BANTAENGNEWS.COM – BANTAENG, 9 Agustus 2026 — Mahasiswa Kuliah Kerja Nyata (KKN) Tematik Pertanian dan Teknologi Tepat Guna Gelombang 116 Universitas Hasanuddin (Unhas) melaksanakan edukasi dan pelatihan pembuatan pakan fermentasi (silase) berbahan dasar hijauan ternak di Dusun Pammelangan, Desa Bonto Rannu, Kecamatan Uluere, Kabupaten Bantaeng, Kamis (13/6/2026), Kegiatan bertajuk “Pembuatan Pakan Fermentasi Silase dari Rumput Hijauan untuk Pakan Ternak Ruminansia” tersebut diinisiasi oleh Suhaela, mahasiswa Fakultas Peternakan Unhas, Program Studi Peternakan. Program ini ditujukan untuk meningkatkan pengetahuan dan keterampilan masyarakat, khususnya peternak, dalam mengolah sumber daya lokal menjadi pakan ternak yang dapat disimpan dan dimanfaatkan secara berkelanjutan.
Kegiatan mendapat antusiasme dari masyarakat setempat. Peserta tidak hanya memperoleh materi mengenai konsep dan manfaat silase, tetapi juga mengikuti demonstrasi secara langsung mengenai tahapan pembuatannya.
Dalam praktik tersebut, peserta diperkenalkan pada proses pengolahan rumput hijauan menjadi silase, mulai dari persiapan bahan, pencampuran, proses fermentasi, hingga tahap penyimpanan. Praktik langsung ini diharapkan memberikan pemahaman teknis kepada peternak agar mampu menerapkan pembuatan silase secara mandiri.
Suhaela menjelaskan, pemanfaatan teknologi fermentasi dapat menjadi salah satu alternatif untuk membantu peternak menghadapi persoalan ketersediaan hijauan pakan, terutama pada musim kemarau.
“Silase dapat dimanfaatkan sebagai cadangan pakan ketika ketersediaan hijauan berkurang. Hijauan yang melimpah dapat diolah dan diawetkan melalui proses fermentasi sehingga dapat digunakan pada waktu yang dibutuhkan,” jelas Suhaela.
Menurutnya, penerapan teknologi pembuatan silase juga memungkinkan peternak memanfaatkan hijauan yang tersedia secara lebih optimal. Ketersediaan cadangan pakan menjadi penting untuk menjaga kontinuitas pemberian pakan kepada ternak ketika kondisi lingkungan menyebabkan hijauan segar lebih sulit diperoleh.

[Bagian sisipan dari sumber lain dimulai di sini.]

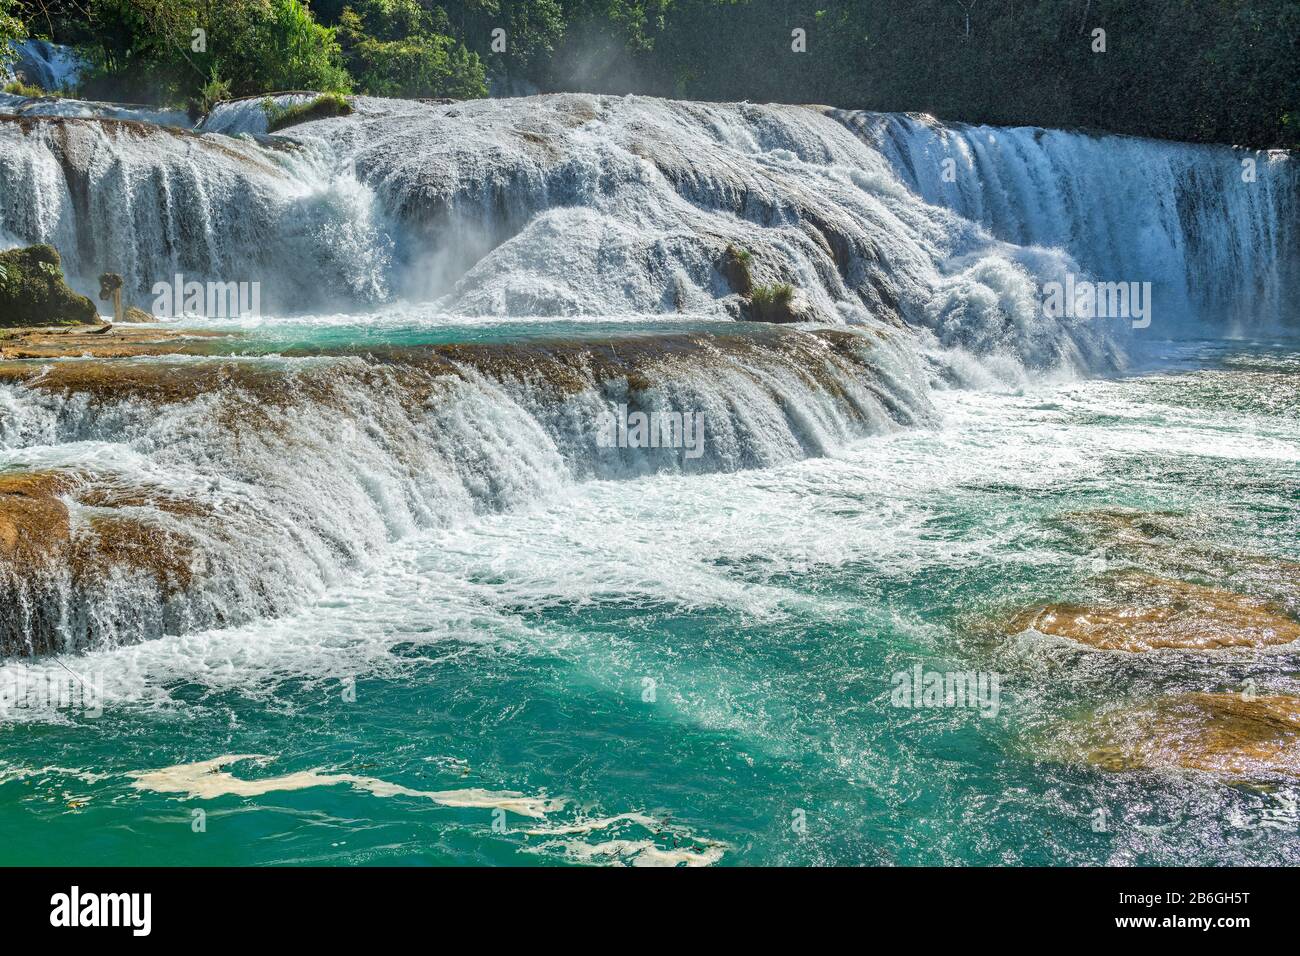 Das türkisfarbene Wasser des Agua Azul Wasserfalls, der mit Gewalt abfließt, erzeugt im Regenwald von Chiapas in der Nähe von Palenque, Mexiko viel Spray in der Luft. Stockfoto

Melalui kegiatan tersebut, mahasiswa KKN Tematik Unhas turut mendorong pemanfaatan teknologi tepat guna yang sederhana dan dapat diterapkan sesuai dengan potensi lokal Desa Bonto Rannu. Transfer pengetahuan melalui praktik langsung diharapkan dapat memperkuat kapasitas masyarakat dalam mengelola sumber daya yang tersedia di lingkungan sekitar.
Program ini merupakan bagian dari pelaksanaan KKN Tematik Pertanian dan Teknologi Tepat Guna Gelombang 116 Unhas yang mengintegrasikan pendidikan, pengabdian kepada masyarakat, serta penerapan ilmu pengetahuan dan teknologi dalam menjawab kebutuhan masyarakat di tingkat desa.
Dengan adanya edukasi dan praktik pembuatan silase, masyarakat diharapkan mampu mengembangkan penyediaan cadangan pakan secara mandiri. Upaya tersebut diharapkan dapat membantu menjaga keberlanjutan usaha peternakan, meningkatkan efisiensi pemanfaatan hijauan, serta mendukung ketahanan pangan berbasis potensi lokal.
Kegiatan ini sekaligus berkontribusi terhadap pencapaian Tujuan Pembangunan Berkelanjutan (Sustainable Development Goals/SDGs), khususnya SDGs 2 (Tanpa Kelaparan) melalui dukungan terhadap ketahanan pangan dan sektor peternakan; SDGs 4 (Pendidikan Berkualitas) melalui transfer pengetahuan dan keterampilan kepada masyarakat; serta SDGs 12 (Konsumsi dan Produksi yang Bertanggung Jawab) melalui pemanfaatan sumber daya lokal secara optimal.